Tricky manoeuvres on tax


Finance Minister Michael Noonan, as chairman of the European Union’s finance ministers during Ireland’s time as president of the European council, finds himself in a delicate position today. In his European role, he will chair a meeting of finance ministers to discuss tax evasion and tax avoidance. The meeting takes place against the background of growing public controversy about how multinational companies use jurisdictions, such as Ireland and other low tax countries, to minimise their corporate profits. Mr Noonan may well be reminded of a memorable line in the great Italian novel The Leopard : “If we want things to stay as they are, things will have to change.” Some reform is necessary, but the Government will also be concerned lest any reform seriously threatens the competitive advantage that Ireland enjoys via its low corporate tax rate – on which it heavily relies to underpin national economic recovery.

At a time when austerity forces taxpayers in countries with major fiscal deficits to pay more, international scrutiny has increasingly focussed on major multinationals – notably Google, Amazon and Starbucks – which by skilled use of tax planning and tax avoidance schemes manage to shelter their profits, and to pay less tax. This has, rightly, angered taxpayers. They feel aggressive tax avoidance is anti-social, and unfair. France has challenged Google’s tax status in Ireland, and claimed that the company’s use of transfer pricing – by routing profits from high tax to low tax countries – allows Google to benefit from the low Irish corporate tax rate, at France’s expense. Google, which has located its European base in Dublin, where it employs some 2,000 people, has always claimed that it complies fully with the tax laws of the countries in which it operates. And Mr Noonan, like his predecessors in office, has dismissed any suggestion that Ireland is a tax haven, pointing out that multinationals, like Google, employ thousands of people in their company’s extensive operations in this country.

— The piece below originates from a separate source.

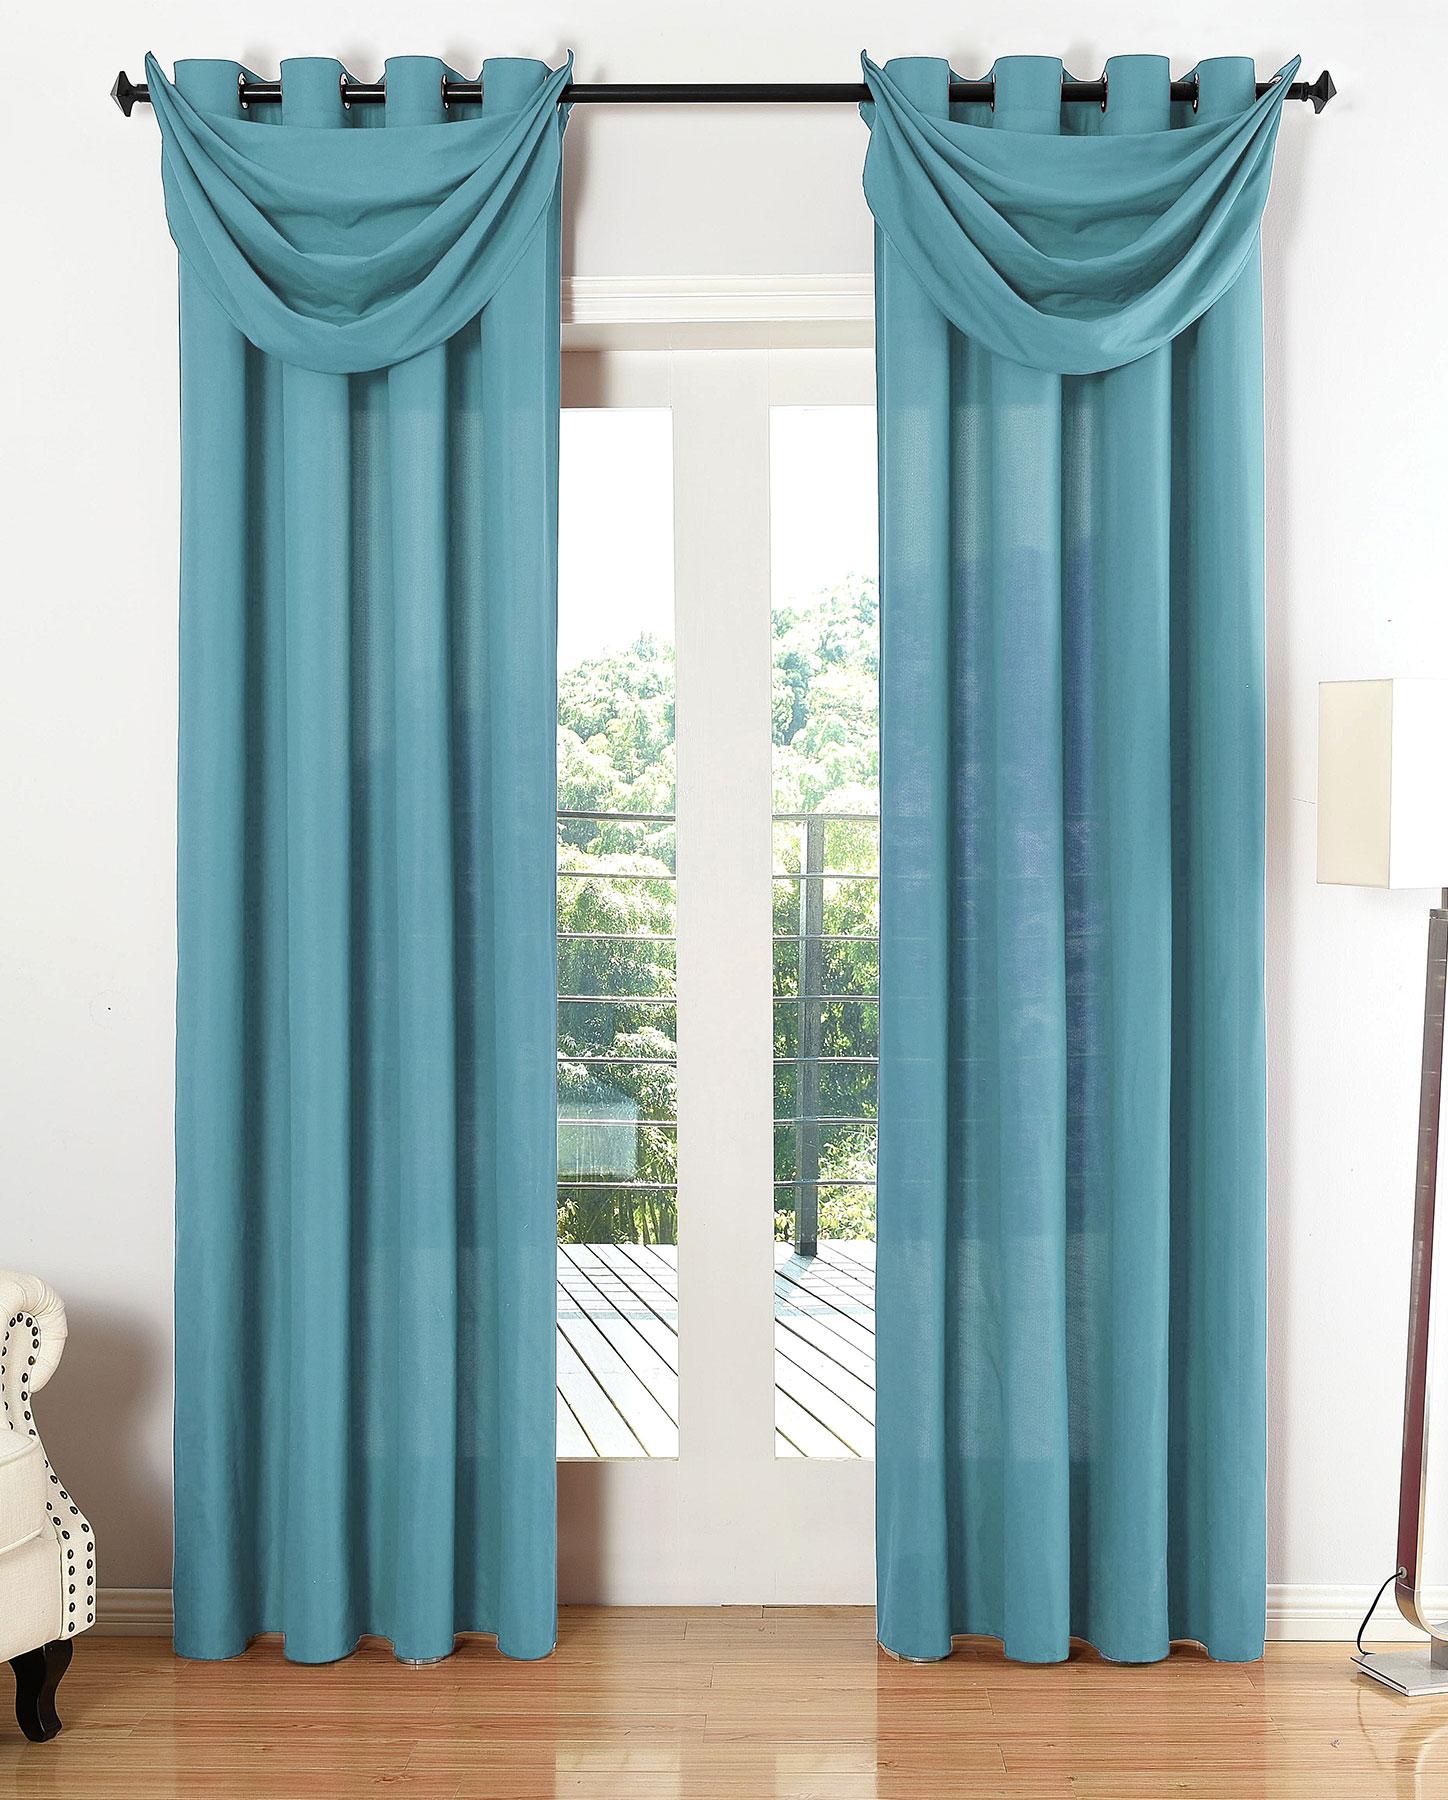 vorhang set 6 teilig blickdicht schal gardine sen microsatin segel querbehang ebay. Black Bedroom Furniture Sets. Home Design Ideas
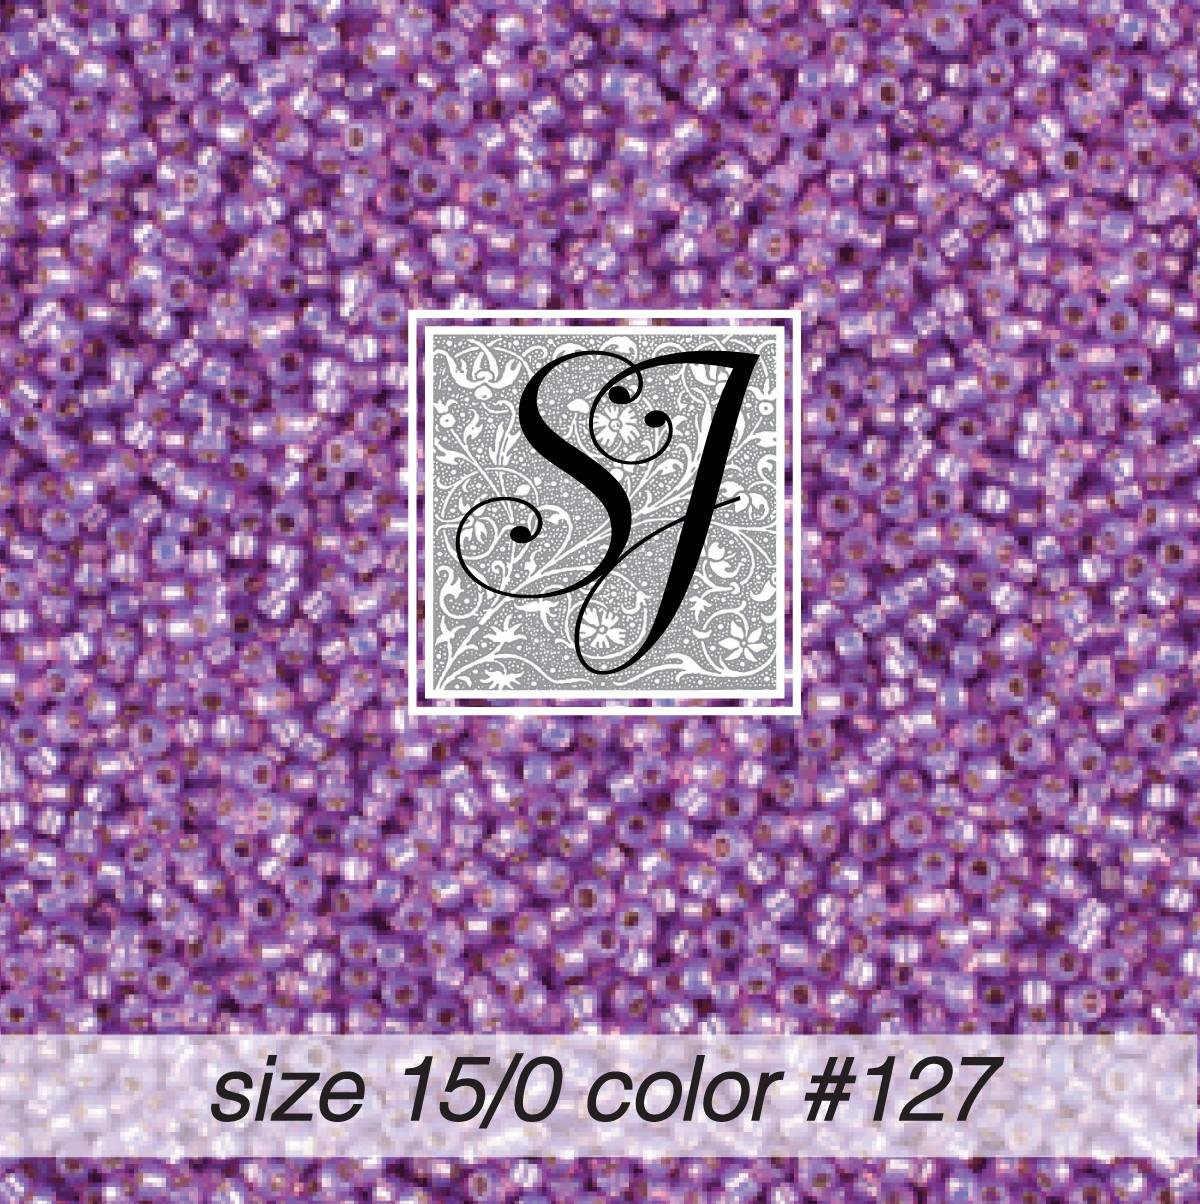 127 Parma Violet Alabaster S/L 15/0 Seed Bead

There is now, at EU and international level, a far greater determination than before to tackle tax evasion and tax avoidance. One recent estimate suggests EU member states now lose €1 trillion each year through tax evasion and avoidance. At next week’s summit of EU leaders, the subject will be a major item on the agenda. And tax will also be the main concern at next month’s G8 summit in Northern Ireland, under the British government’s chairmanship. British prime minister David Cameron aims to make both the European Council and the G8 meeting “the turning point in the battle against tax evasion and avoidance”. That, however, will also require governments that have created tax systems, which have greatly encouraged businesses to engage in tax avoidance, now to become first movers in major tax reform. And that will prove hard to achieve.